Comprehensive Guide to Machine Learning Software for Text Screening

This project aims to provide a comparison of different software tools for machine learning-assisted text screening. The comparison is designed to help researchers and practitioners make informed decisions when selecting a suitable tool for their needs. We compare various aspects, such as software functionality, data handling capabilities, and machine learning properties.

Inclusion Criteria

The initial selection process for selecting the software tools is documented on the Open Science Framework and meet the following inclusion criteria:

Implements a Researcher-in-the-Loop (RITL)-based active learning cycle for systematically screening large volumes of textual data.
Achieves a Technology Readiness Level of at least TRL7.
Offers user-friendly software that is accessible to a broad audience.
Provides a generic application that is not limited to specific content, fields, or types of interventions.

Overview

The table below offers a concise overview of various software tools designed for systematically screening large volumes of textual data using machine learning techniques.
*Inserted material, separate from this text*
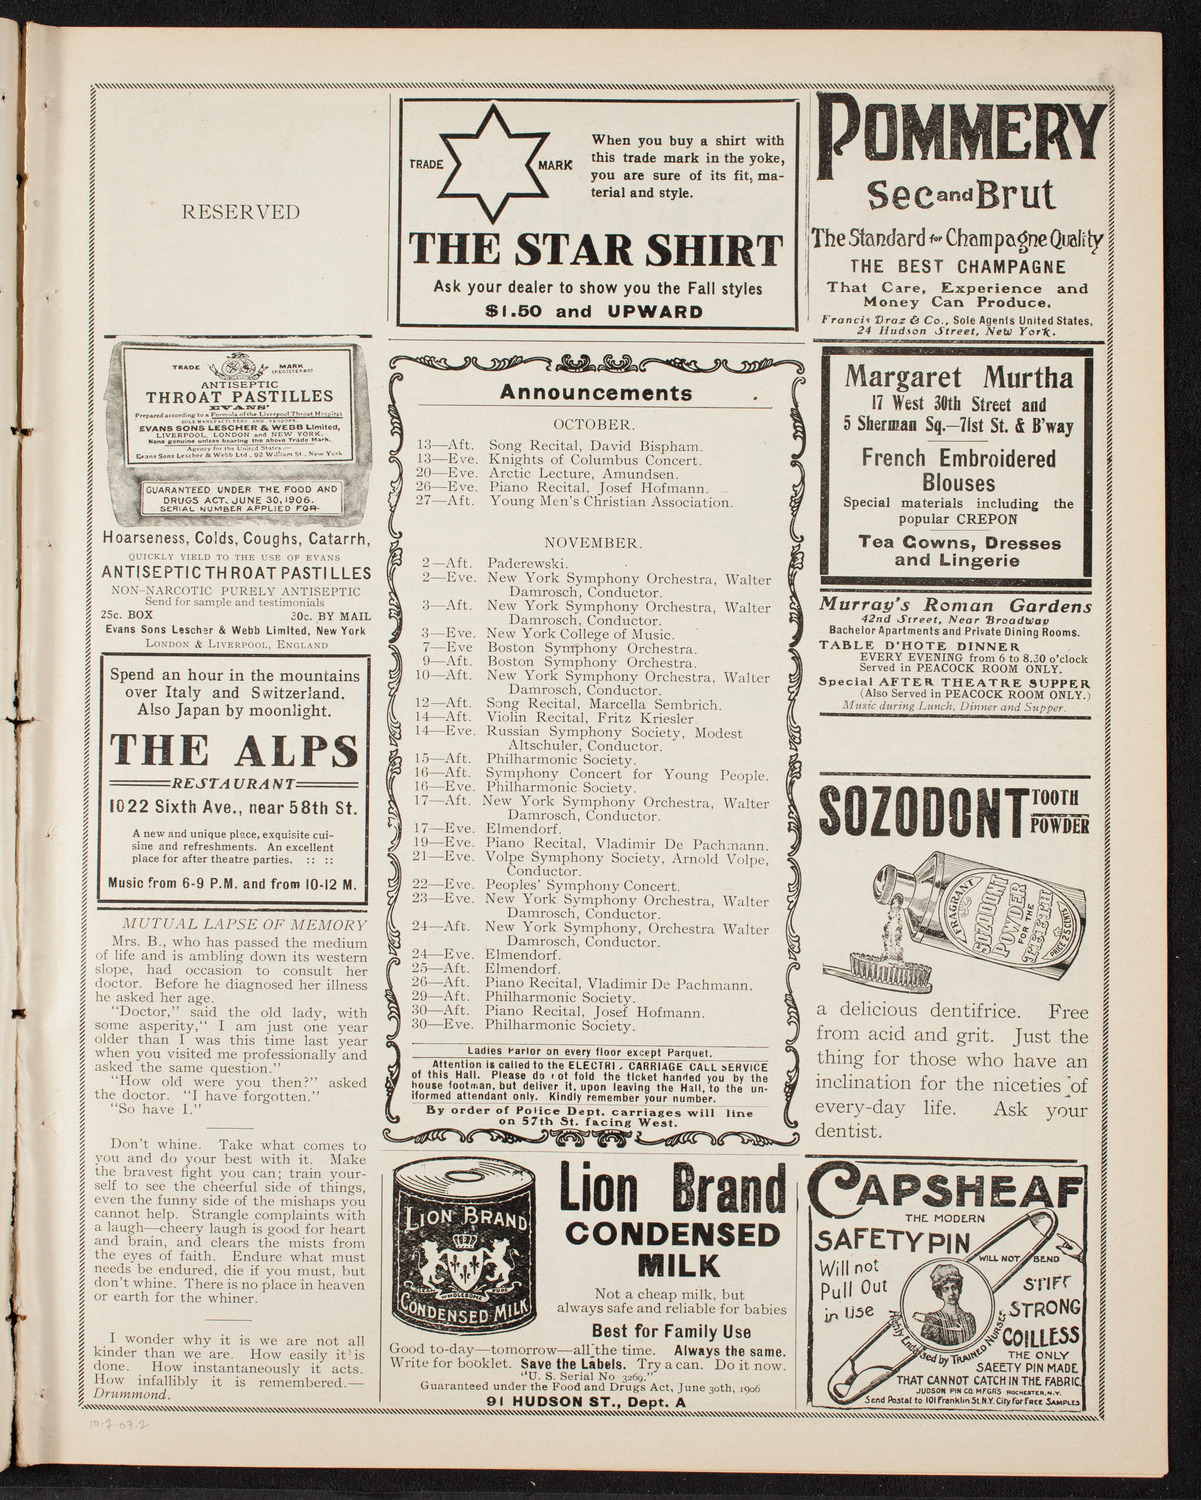 Rhondda Valley Male Concert Party, October 7, 1907, program page 3

Each software is evaluated based on the following properties:

Is there a website?
Is the software open-source (provide a 🔗 to the source code)?
Is the software peer-reviewed in a scientific article?
Is documentation or a manual available (provide a 🔗)?
Is the full version of the software free of charge?

Software	Website	Open-Source	Published	Documentation	Free
Abstrackr	🔗	❌		❌	✅
ASReview	🔗	✅🔗		✅🔗	✅
Colandr	🔗	❌		✅🔗	✅
DistillerSR	🔗	❌		✅🔗	❌
EPPI-Reviewer	🔗	❌	❌	✅🔗	❌
FASTREAD	❌	✅🔗		✅🔗	✅
Rayyan	🔗	❌		✅🔗	❌
RobotAnalyst	🔗	❌		❌	❔¹
SWIFT-Active Screener	🔗	❌		✅🔗	❌

✅ Yes/Implemented; ❌ No/Not implemented; ❔ Unknown (requires an issue).

¹ See issue #29

Installation

This table summarizes the various installation options available for each software tool, highlighting whether:

The software can be installed locally, ensuring that data and labeling decisions are only stored on the user's device (yes/no)?
The software can be installed on a server (yes/no)?
The software is available as an online service (Software as a Service - SAAS; yes/no; provide a link to the registration page)?

Software	Local	Server	Online Service
Abstrackr	❌	❌	✅🔗
ASReview	✅	✅	❌
Colandr	❌	❌	✅🔗
DistillerSR	❌	❌	✅🔗
EPPI-Reviewer	❌	❌	✅🔗
FASTREAD	✅	✅	❌
Rayyan	❌	❌	✅🔗
RobotAnalyst	❌	❌	✅🔗¹
SWIFT-Active Screener	❌	❌	❌🔗

✅ Yes; ❌ No; ❔ Unknown (requires an issue).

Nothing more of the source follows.